Альберт Филимонович вдруг умолк.

– Нет, не научить... – продолжил он через несколько секунд, в течение которых хранил напряженное молчание, неподвижно уставившись в крашеные доски пола. – Он может помочь тебе добыть из глубин темной – то есть недоступной твоему собственному восприятию – части твоего существа то ЗНАНИЕ, которое в ней скрыто. Которое там уже есть... Которое находится там всегда...

– Но почему – единственный? Разве вы не...

– Я не могу... Только он. Потому что, в силу тысячелетиями складывавшихся обстоятельств, ни ты, ни он не обладаете отдельным ЗНАНИЕМ. Оно у вас ОДНО. И только вместе вы можете в полной мере добыть его, уложить в рабочей части сознания, развернуть и сделать активным. Лишь после того, как это будет сделано, каждый из вас сможет увидеть, чего недостает именно ему, и решить, в каком направлении двигаться дальше... Ты нужен ему настолько же, насколько он – тебе... Не имеет значения, кто кого будет учить... Это – не более чем алгоритм совместной работы... Но работа эта может быть только совместной...

И я понял, что летом должен во что бы то ни стало отыскать Мастера Чу среди белых скал на краю раскаленной южным солнцем пустынной холмистой степи.
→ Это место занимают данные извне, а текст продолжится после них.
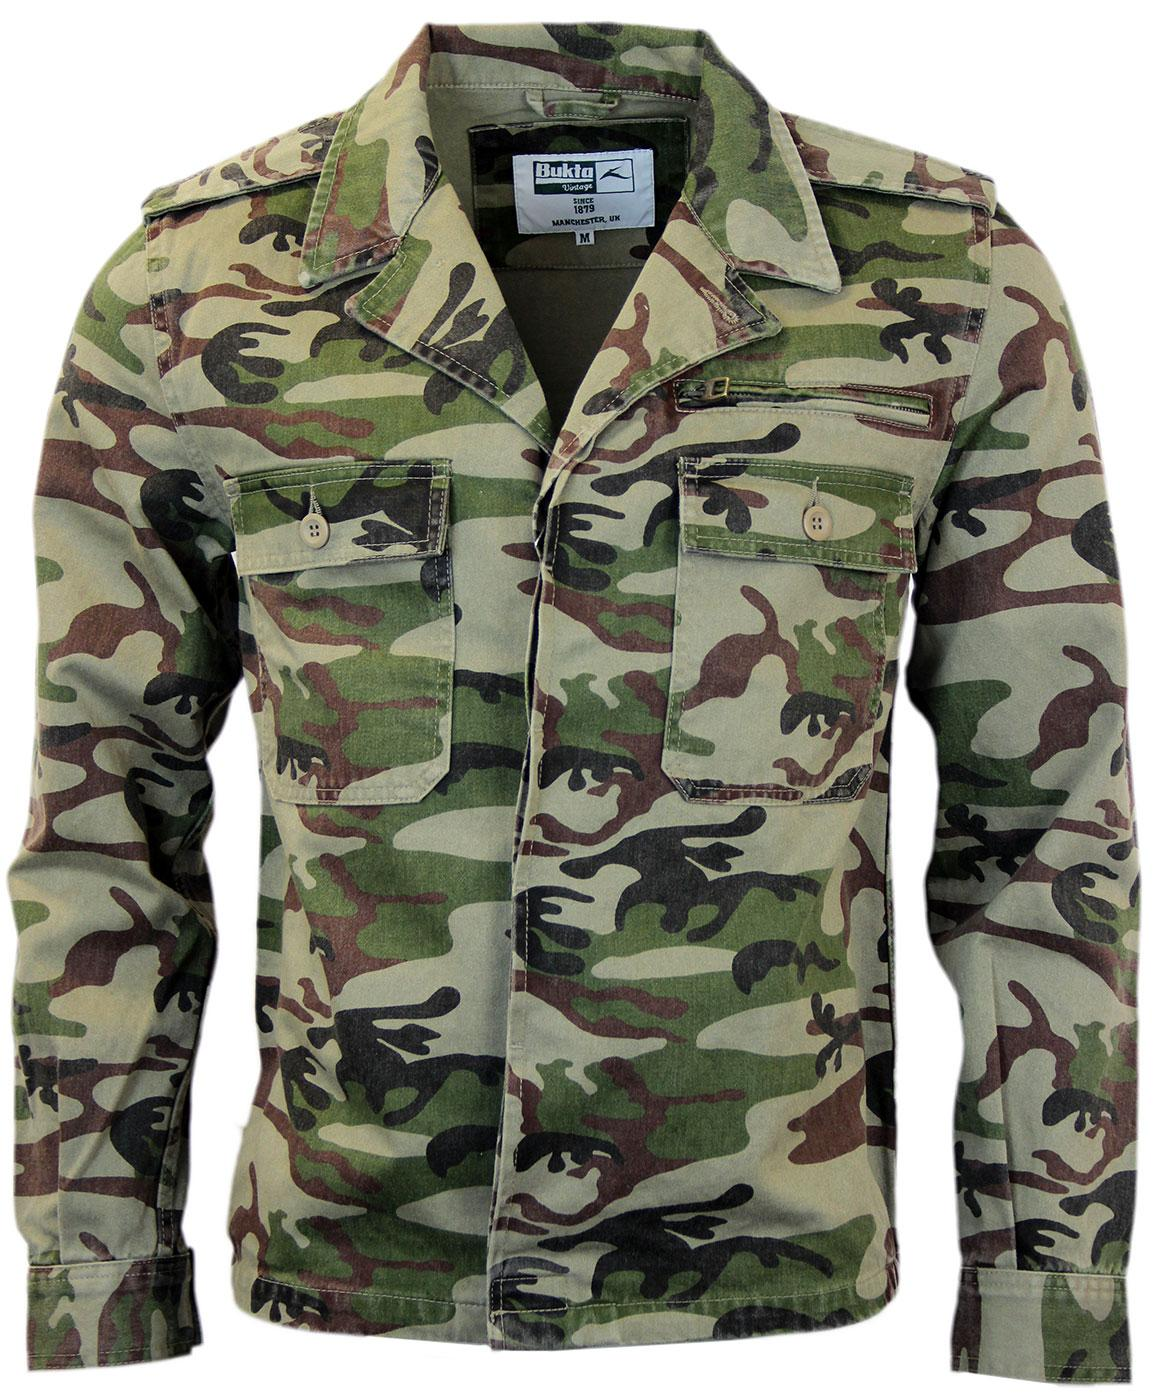 549655faa1e72 One Love Camo Jacket | BUKTA VINTAGE Retro Indie Mod Military Jacket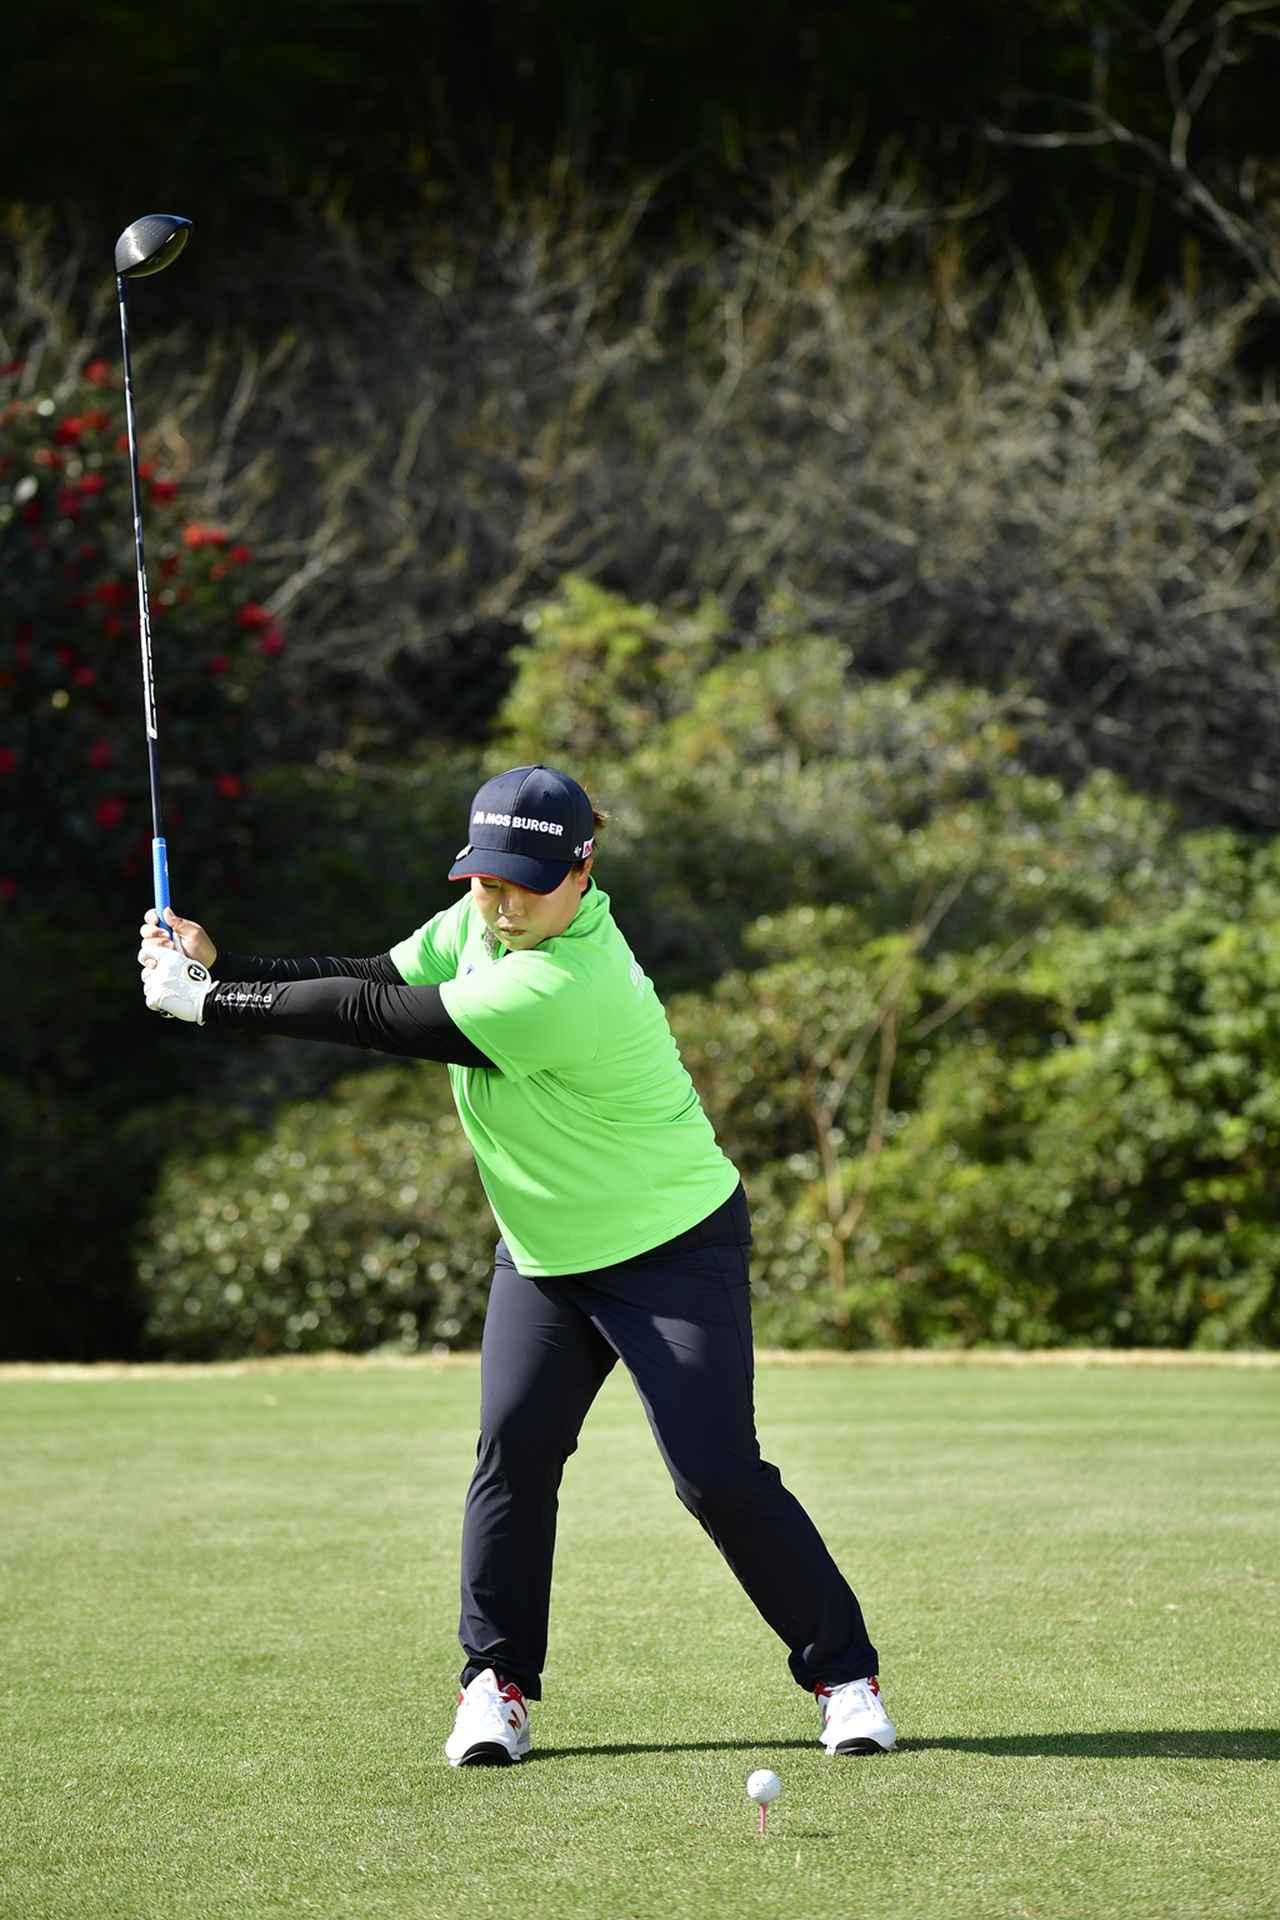 Images : 5番目の画像 - アン・ソンジュのドライバー連続写真 - みんなのゴルフダイジェスト

Я знал, что непременно найду его там. Если только успею туда попасть, ибо однажды возникшее в моей жизни ЭТО неуловимым ударом вдруг полностью изменило характер моего восприятия, поменяв местами явь и сновидение...

Было воскресенье – самый трудный для меня день: три тренировки подряд, две в бассейне в качестве тренера, и одна – в зале у Альберта Филимоновича. Поэтому я не пошел домой сразу, а решил немного послоняться по мартовским улицам. Иногда бывает занятно понаблюдать за тем, как в серо-оранжевом с голубизной в тенях мареве монотонно копошится издерганный неурядицами долгой зимы отравленный радиоактивным катаклизмом огромный полусонный древний город.

Я вышел на улицу, перешел через дорогу и не торопясь побрел мимо церкви сквозь тесное междузаборное пространство закоулка, некруто всползавшего на густо утыканный частным сектором бугор.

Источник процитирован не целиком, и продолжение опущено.